Le regard de Chambaz

La chronique de l'écrivain en résidence

Si c'est bien de retrouver la lumière, comme l'a dit Steve Marlet, ce n'est pas plus mal d'éviter qu'il y en ait trop. C'est le point commun entre un club de football et une photographie. Ne pas être surexposé(e), afin de ne pas perdre ses couleurs, ne pas se diluer dans une lumière blanche qui estompe les détails et fausse la perspective.  

  Alors, ce mercredi, je m'offre un biais – le pénalty – que j'emprunte à l'actualité. Le pénalty est toujours d'actualité. Il ne se passe pas de journée de championnat sans qu'il y ait, non seulement des pénaltys sifflés par des arbitres, tirés le plus souvent par des joueurs de champ et encaissés – ou arrêtés – par des gardiens de but, mais aussi des discussions sans fin et des débats stériles sur le bien-fondé – ou non – de la décision de l'arbitre. 

  Penalty est un des premiers mots anglais que les jeunes maîtrisent et qu'ils crient volontiers – à  moins qu'ils ne préfèrent « péno » comme autrefois. En réalité, pénalty comme on sait c'est la faute – qui est sifflée. Le tir lui-même c'est le « pénalty kick », le coup de pied. Et je m'avise, même si ça n'intéresse pas grand monde, que si la langue française a adopté le verbe « shooter » qui a ses lettres de noblesse – si on peut dire – chez Céline, elle ignore le verbe « kicker » malgré les motards qui démarrent leur bécane au pied et les rockers qui jouent de la grosse caisse. En littérature, le pénalty a même nourri le titre d'un excellent petit roman autrichien, L'angoisse du gardien de but au moment du pénalty, qui m'a troublé avant que je ne le lise car il m'était toujours apparu que l'angoisse pesait davantage sur les épaules du tireur que sur celles du gardien. Et il faut le lire jusqu'à la fin pour voir un ballon et le fameux tir qui inspira peut-être Panenka. 

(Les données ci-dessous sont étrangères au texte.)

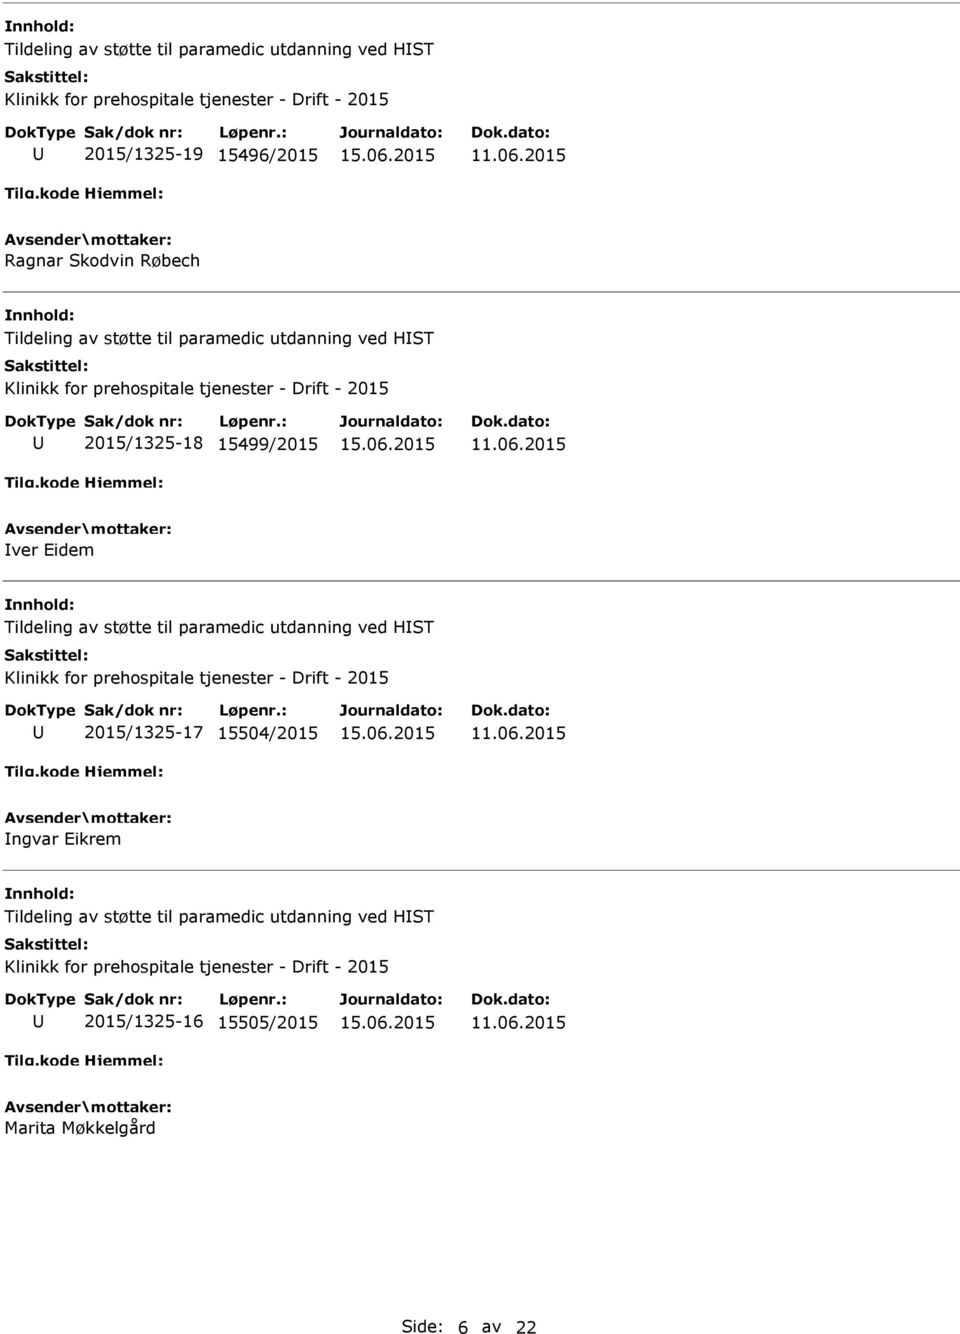 Tildeling av støtte til paramedic utdanning ved HST Klinikk for prehospitale tjenester - Drift - 2015 2015/1325-17 15504/2015 ngvar Eikrem

  L'actualité réserve parfois de belles histoires. Celle-ci met en scène la FIFA qui est riche comme Crésus et vient de lâcher – dieu sait pourquoi – quelques picaillons pour restaurer la tombe de l'inventeur du pénalty. Et j'aurai donc attendu tout ce temps pour apprendre qu'un jour le dénommé William McCrum, un irlandais, du nord, a eu cette riche idée. C'était en 1890 – l'année de naissance d'Agata Christie et du général de Gaulle (qui n'était pas encore général). Gardien de but, effrayé parait-il par la violence qui régnait dans la surface de réparation, qui – soit dit en passant – n'existera que dix ans plus tard, il propose ce « kick». On aurait pu lui ériger une statue. A tout le moins, ne pas l'oublier. Mais la destinée de William McCrum a une dimension tragique. Il meurt seul, abandonné de tous, sa famille et ses copains, ruiné, après avoir dépensé son petit pécule dans les casinos. Sa tombe est dans le cimetière de la ville où saint Patrick avait fondé le premier évéché. On est en 1932. 

  Cette année-là, en raison de travaux, le Red Star doit quitter le stade de Paris (qui ne pouvait pas encore s'appeler Bauer) pour le stade de la porte d'Orléans. Comme quoi l'histoire ne cesse de nous surprendre.